- WORK TASK:
From the first line to the last, repeat the data exactly and drop the pictures.

- DATA SEGMENT:
....
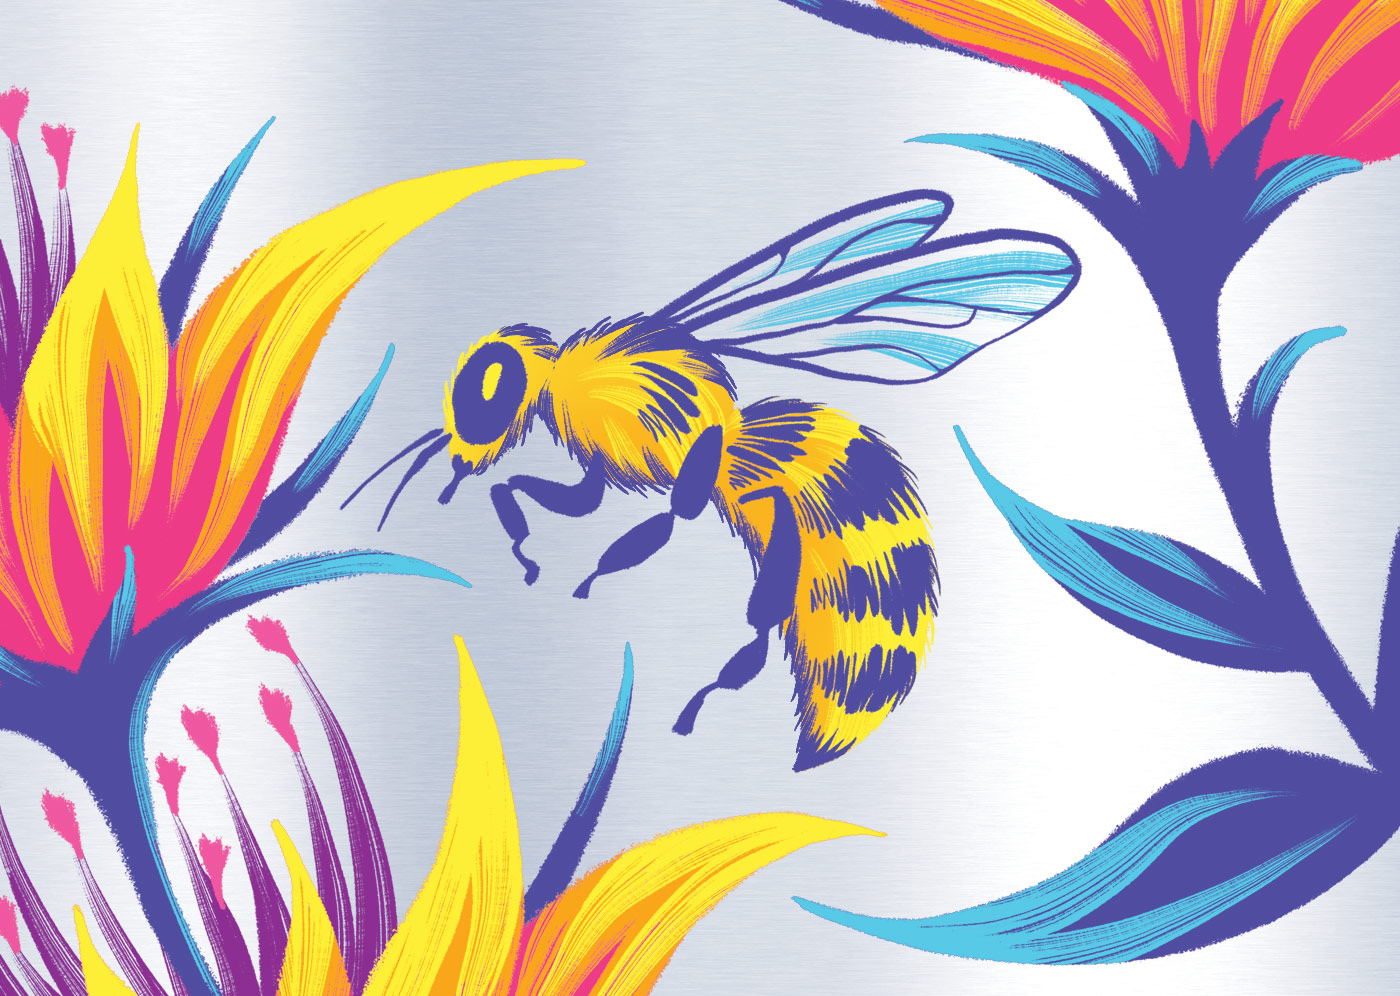 Honey bee illustration beer can artwork by Andrea Muller
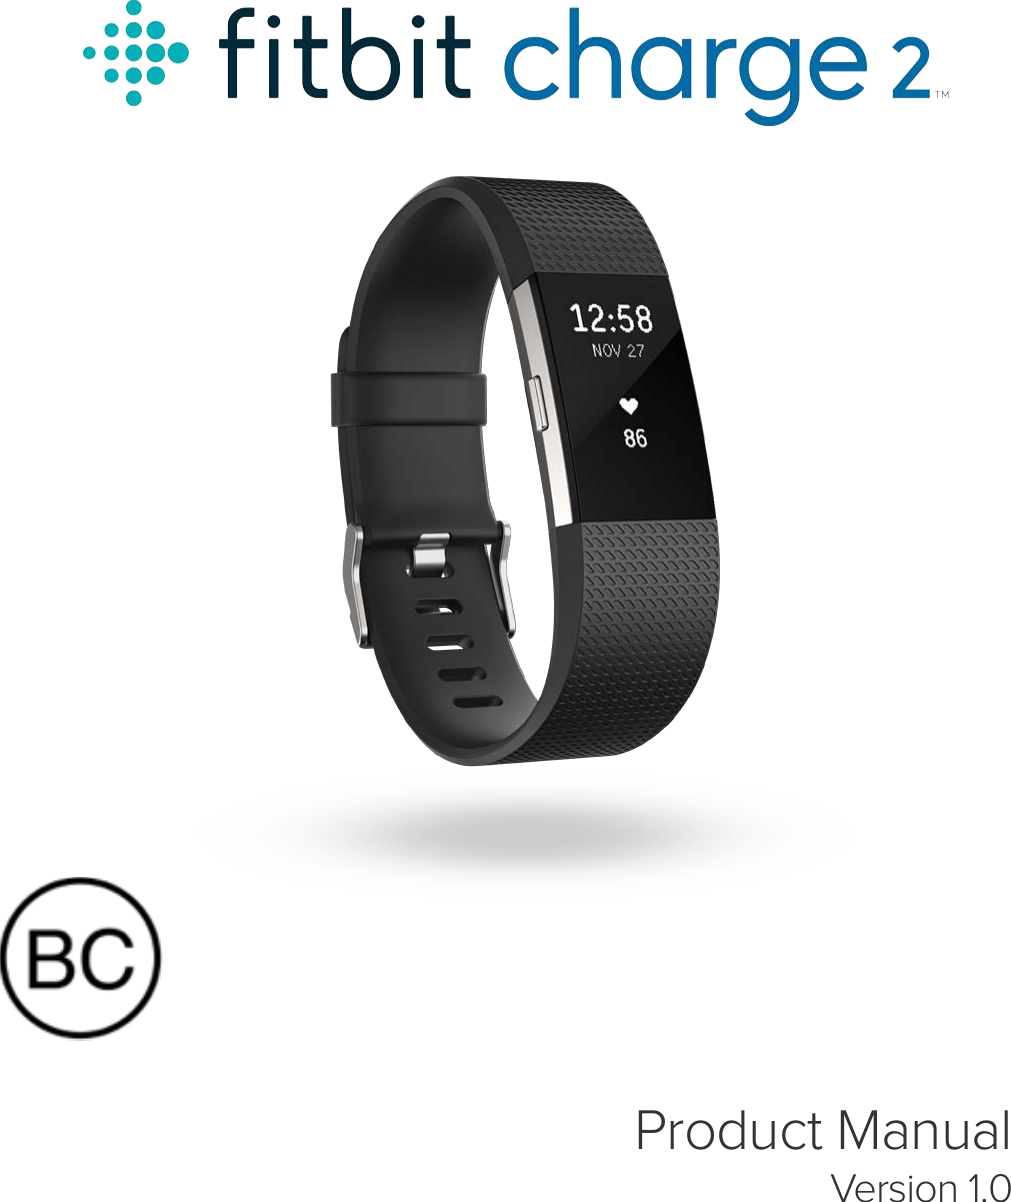 Fitbit Charge 2 Product Manual 1.0x En
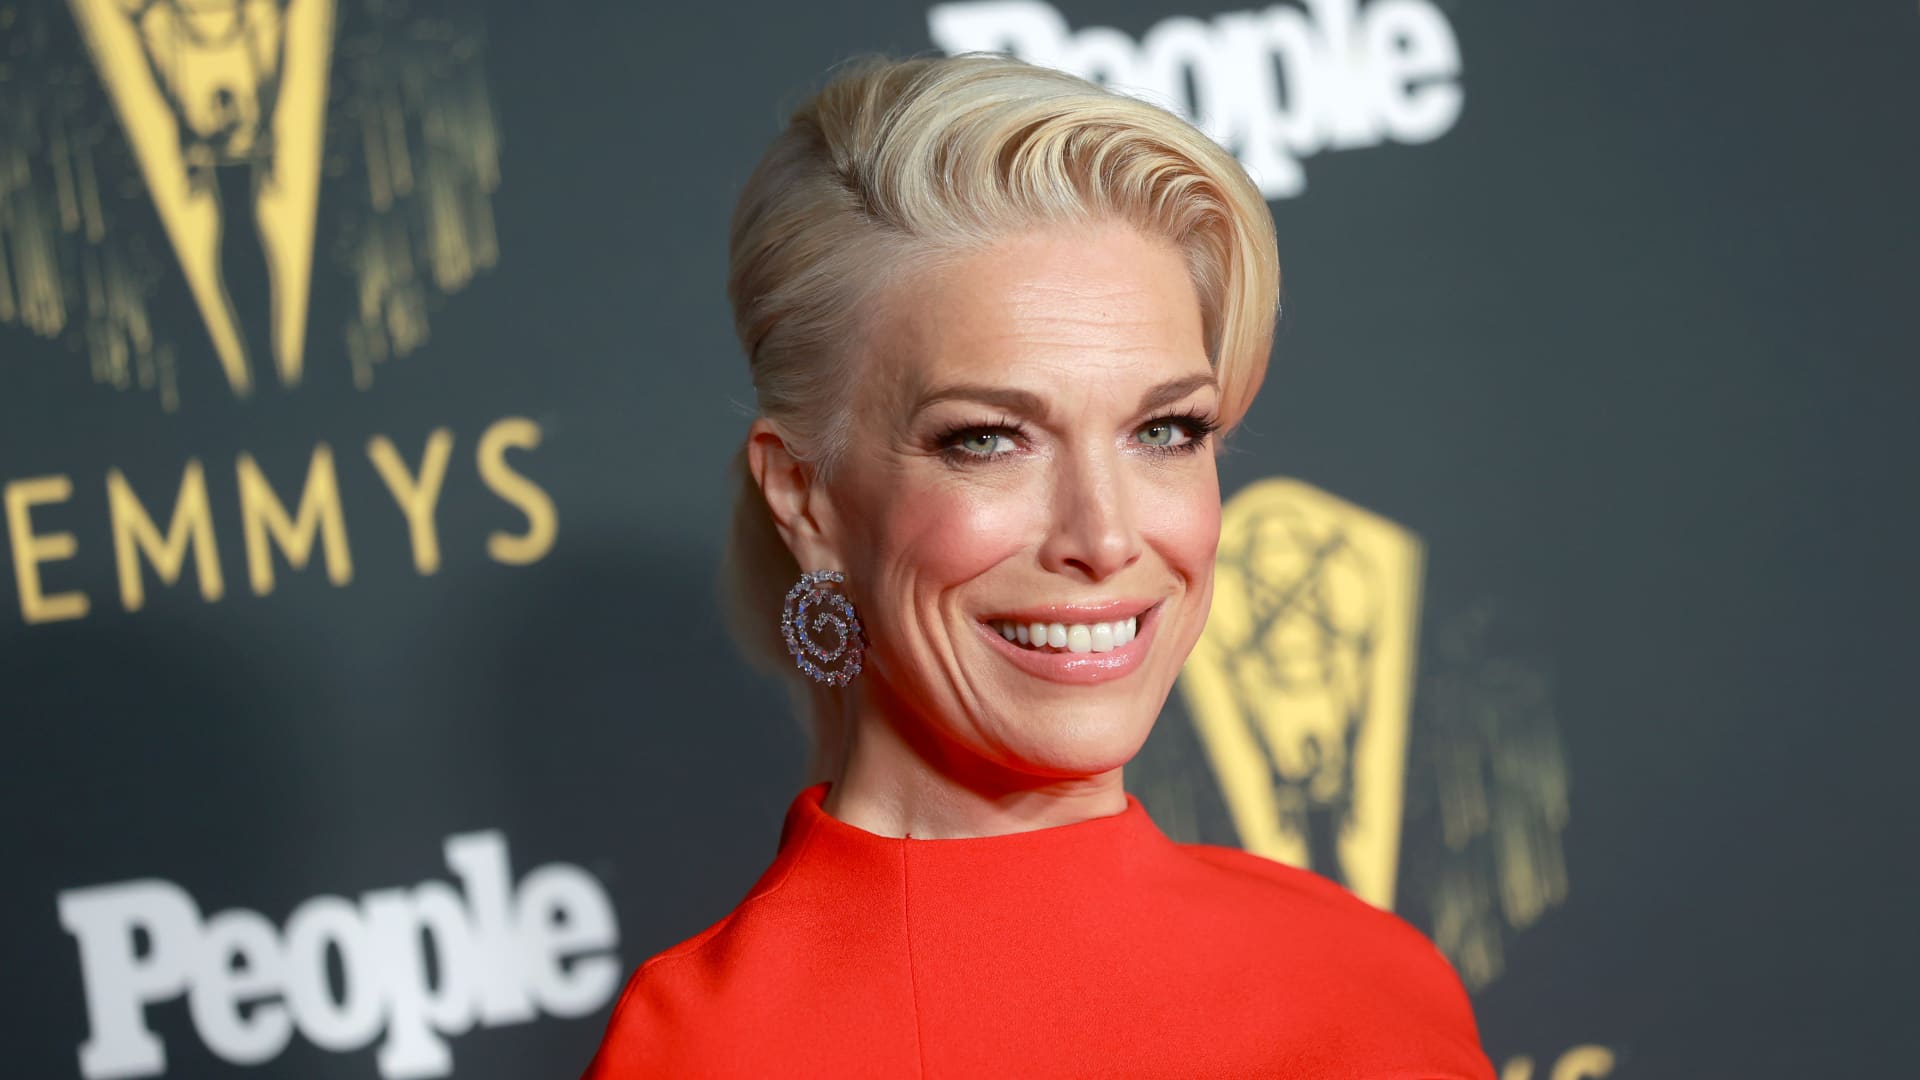 Hannah Waddingham attends the Television Academy's Reception to Honor 73rd Emmy Award Nominees at Television Academy on September 17, 2021 in Los Angeles, California.
....
- SOLVED PROBLEM:
 Honey bee illustration beer can artwork by Andrea Muller
 Fitbit Charge 2 Product Manual 1.0x En
 Hannah Waddingham attends the Television Academy's Reception to Honor 73rd Emmy Award Nominees at Television Academy on September 17, 2021 in Los Angeles, California.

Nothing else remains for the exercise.